Les Passagers de la nuit, de Mikhaël Hers

Note : 3 sur 5.

Comment j’en suis venu à regarder ce film? D’abord, il y a eu la pub dans le programme du ciné, j’ai lu le synopsis. Ce dernier m’a évidemment plu. C’est un de mes plus grands rêves de travailler à Radio France, ou dans une radio en général, donc quand je vois un film qui parle de radio, j’ai envie de le voir. Finalement, j’ai loupé le film au cinéma et j’ai dû attendre qu’il sorte en vod.

Les premiers points positifs qui sautent aux yeux sont liés à l’image, la photographie, les costumes et les décors. Je dois dire que j’y crois à ce monde cocon du Paris des années Mitterand. J’y crois et j’ai envie d’y vivre.

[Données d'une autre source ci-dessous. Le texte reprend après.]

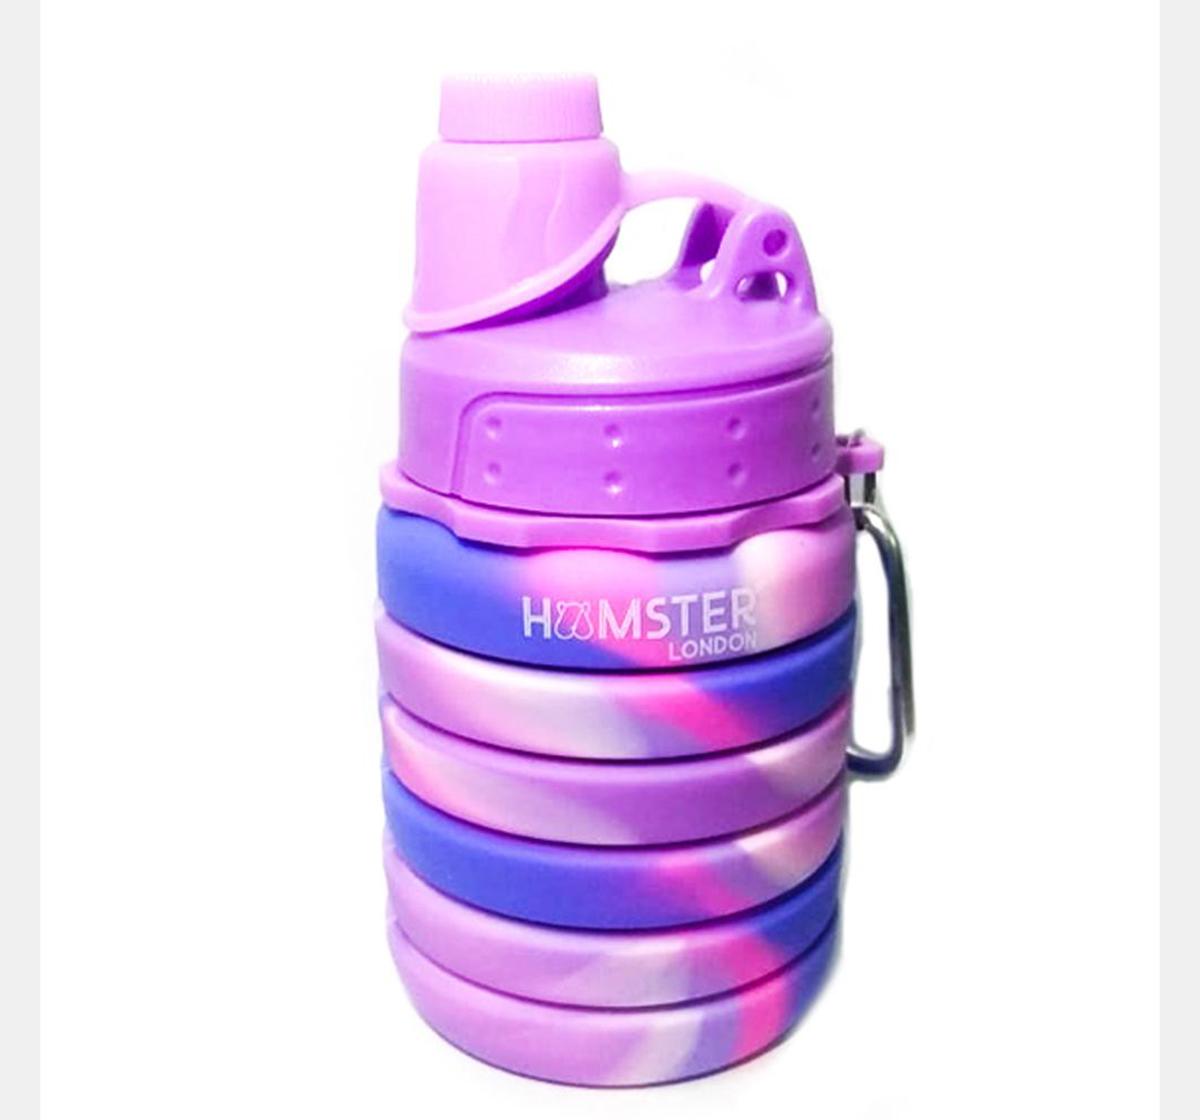 Hamster London | Hamster London Bendable Bottle Pink Purple, 4Y+
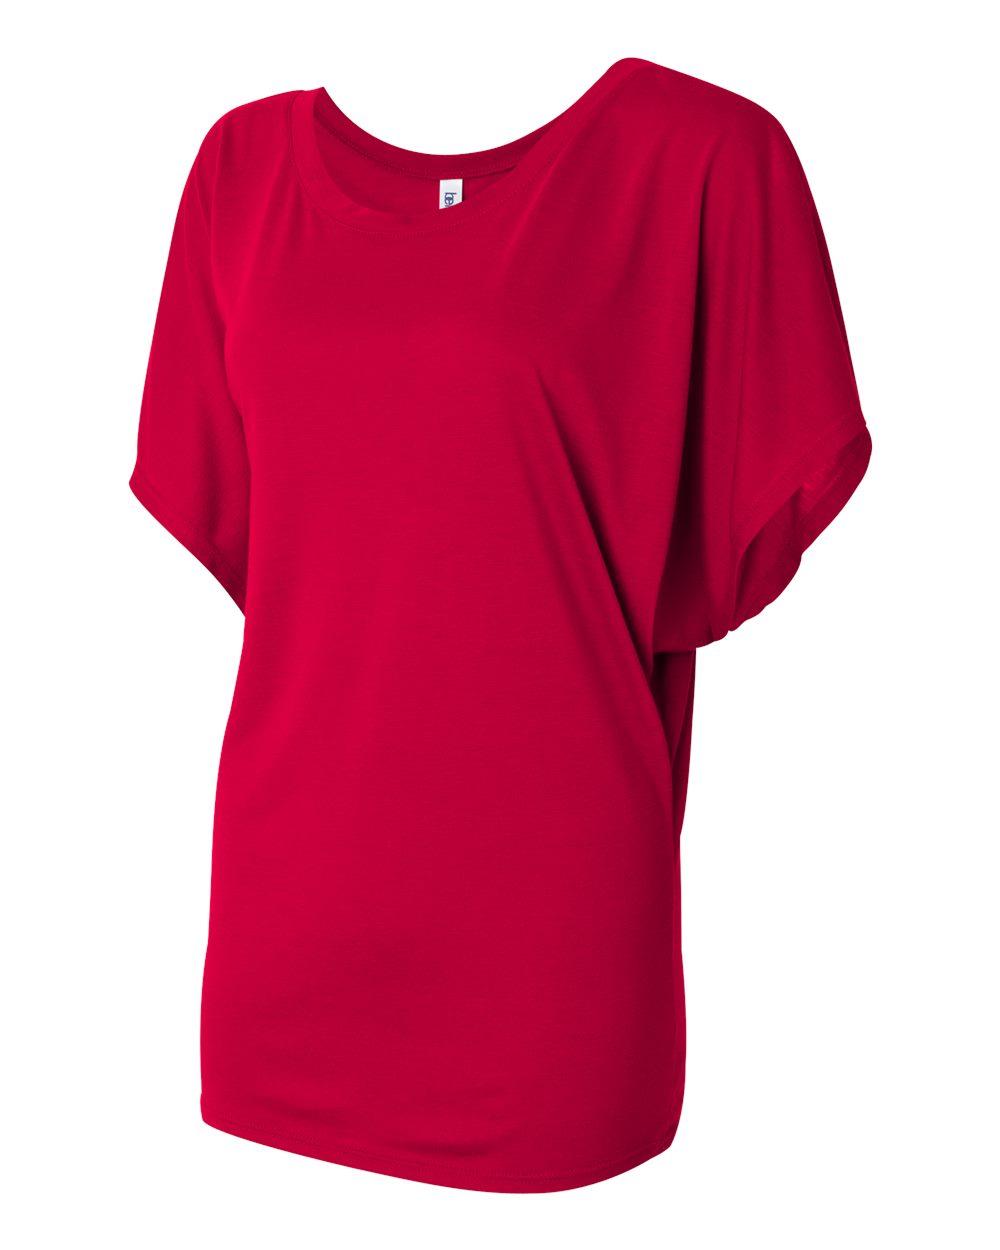 Bella-Canvas-Women-039-s-Flowy-Draped-Sleeve-Dolman-T-Shirt-8821-S-2XL thumbnail 33

Par contre, Charlotte Gainsbourg qui pleure dès sa première scène annonce un film cliché. Elle pleure car elle s’est séparée de son mari, elle doit trouver un travail, raison un peu faible pour qu’elle arrive à la radio. Autant le taire. Au final, il faudra attendre 12 minutes de film avant d’arriver à Radio France. Mais quel désarroi me prend lorsque je regarde le reste du film! La radio n’est pas vraiment le thème, c’est un élément périphérique, un vulgaire artefact servant la nostalgie des années 80.

Le réalisateur semble avoir à coeur d’inclure un propos sur le cinéma dans son film, surtout avec Rohmer. Là encore, c’est pris comme un lieu commun des eighties et pas comme un vrai sujet, avec pour point culminant Pascale Ogier. ormis le fait que le réalisateur tente de faire un film « à la Rohmer ».

En fait, le film ne sait pas choisir son sujet. J’aurais souhaité voir un film sur le personnage de Charlotte Gainsbourg, ou sur ses deux enfants (ce petit poète!), ou sur Tallulla, ou sur l’équipe à la radio, mais pas un melting pot de tous cela!

A partir de 30 minutes, ça devient dur de regarder ce film. Avec du recul, je pense surtout que c’est un film fait pour raviver le fantasme nostalgique de la bourgeoisie de ces années-là.